Speaking in June, Andy Bechtolsheim, chief architect and senior vice president of the systems group, said: "We are looking at a factor-of-three improvement over the current best system at an equal number of nodes. We have been somewhat absent in the supercomputer market in the last few years."
Sun had hoped to launch the Tacc system in October but it ran into a variety of technical problems. First, AMD delayed the Barcelona processors that go inside the computer. Fowler said: "We got a special run of chips from AMD to make our commitments." Sun will later release more standard Barcelona servers when the chips become available.

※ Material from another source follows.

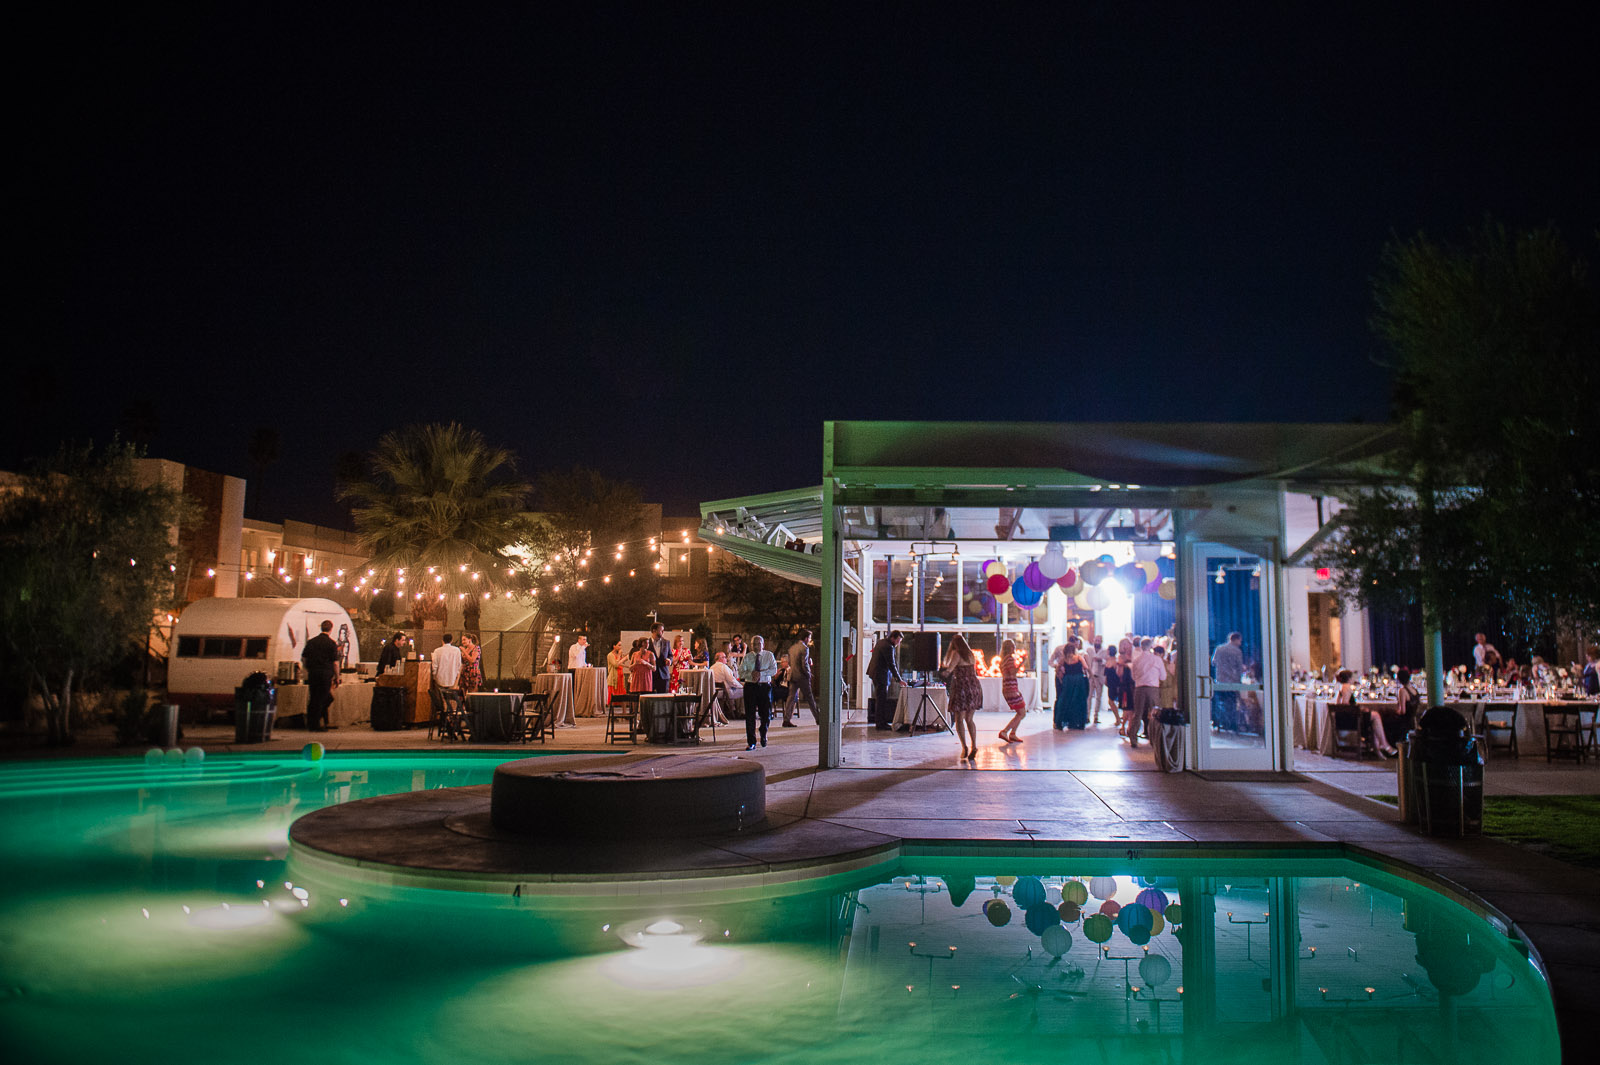 ace-hotel-palm-springs-wedding-65.jpg

But it wasn't all AMD, Fowler said. Constellation also sports a new type of cable, invented by Sun, which comes with three connections per cable. Manufacturing these cables, and then snaking them around the Tacc to link up computers, proved tougher than expected, he said.
Technical glitches also popped up with the Magnum switch.
The Tacc system will provide a peak performance of around 500 teraflops, or 500 trillion operations per second, and can be increased. It will be made up of 82 Sun blade racks stuffed with servers, two petabytes of storage, said Fowler. The whole system will fit inside a mid-size conference room but provide more computing power than all of the supercomputers the US' National Science Foundation has today.
The architecture will also allow Sun, according to the company, to challenge IBM in the rankings for the world's top supercomputers. IBM has dominated the supercomputer rankings with a series of Blue Gene systems for the last several years.